Materials and methods

Plant lines

All mutant lines described in this work are in the Col-0 background. The Col-0, prr9-1, prr7-3, and prr9-1/prr7-3 mutant lines harboring CCA1::LUC have all been described previously (Farré et al. 2005). The new mutant combinations generated in this work were created by crossing the elf3-1 (Zagotta et al. 1996) CCA1::LUC mutant into the prr9-1/prr7-3 double mutant. The various single, double, and triple mutant combinations were then identified through genotyping.

Modeling

The original De Caluwé model considered PRR9 and PRR7 having similar expression profiles and they were characterized as a single model variable (P97) (De Caluwé et al. 2016). Here, we modified the DC Caluwé model to separate the variable P97 so that 3 models were implemented:

  • Model 1: The role of each separated component within the network, as described by De Caluwé et al. 2016, was unchanged.
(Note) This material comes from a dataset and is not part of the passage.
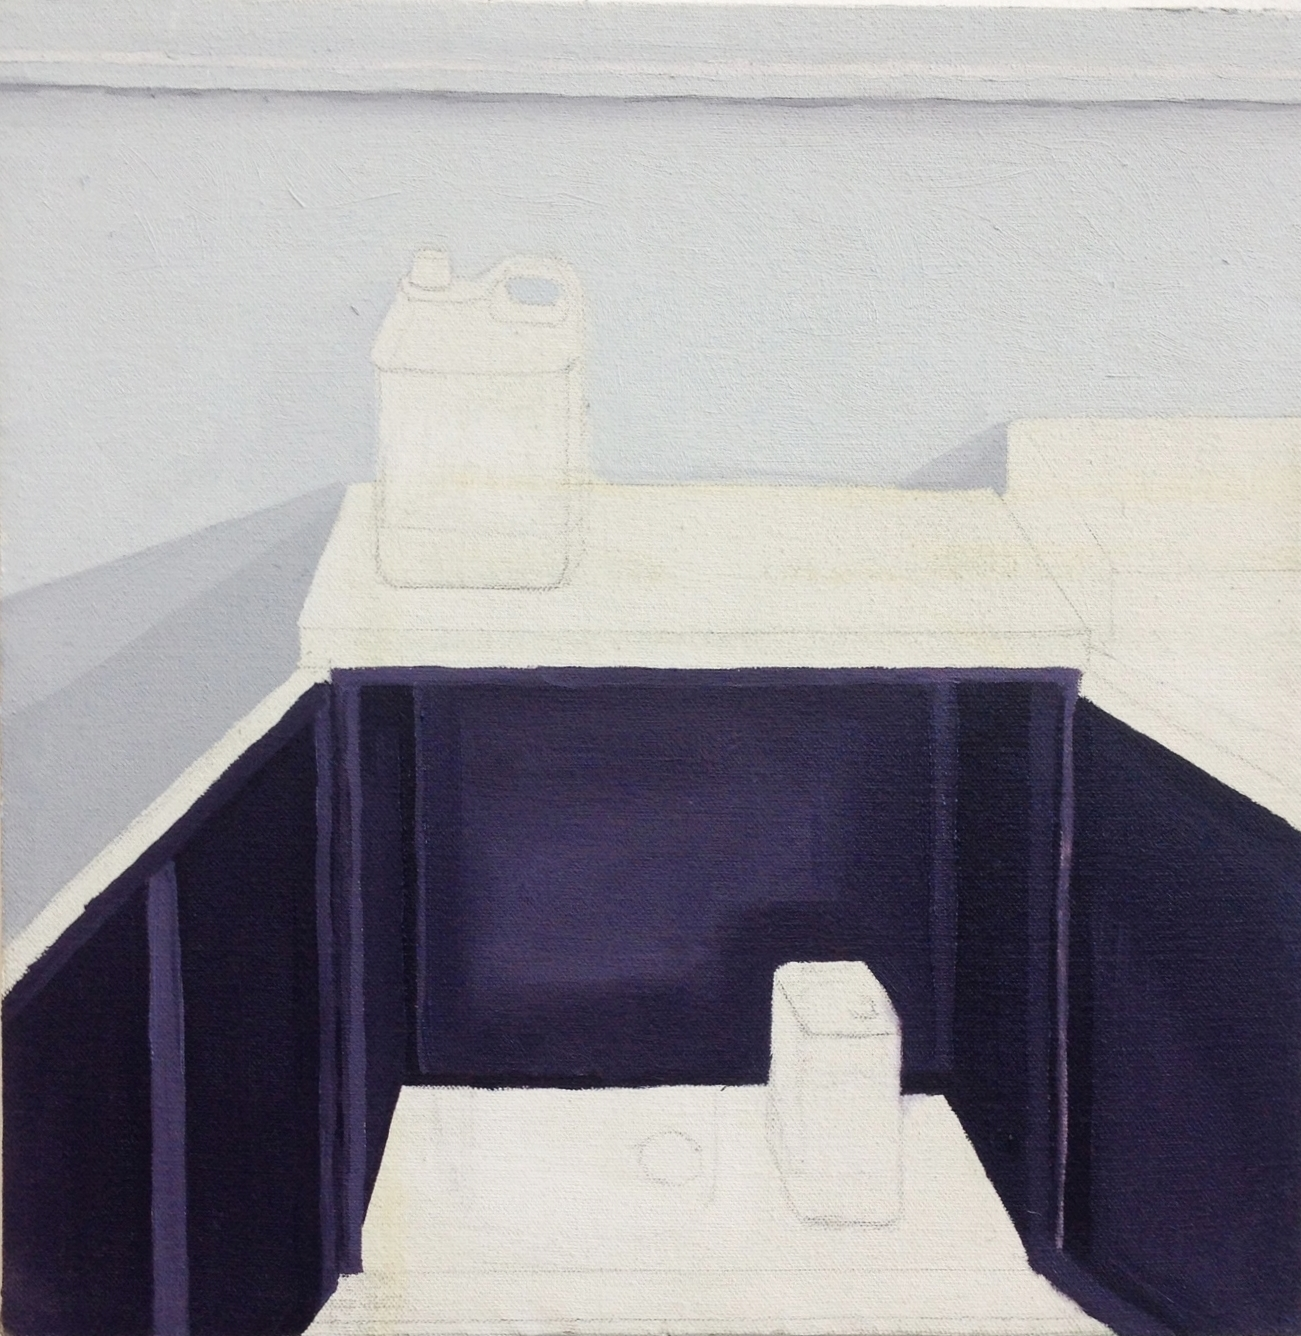 Cabinet #2

  • Model 2: The interaction between CCA1/LHY (CL) and PRR9 (P9) was modified; PRR9 is inhibited by CCA1/LHY.

  • Model 3: The interaction between CCA1/LHY (CL) and PRR9 and PRR7 was modified; PRR9 and PRR7 are now inhibited by CCA1/LHY. Also, a negative autoregulation in CCA1/LHY was introduced as described in Greenwood et al. (2022).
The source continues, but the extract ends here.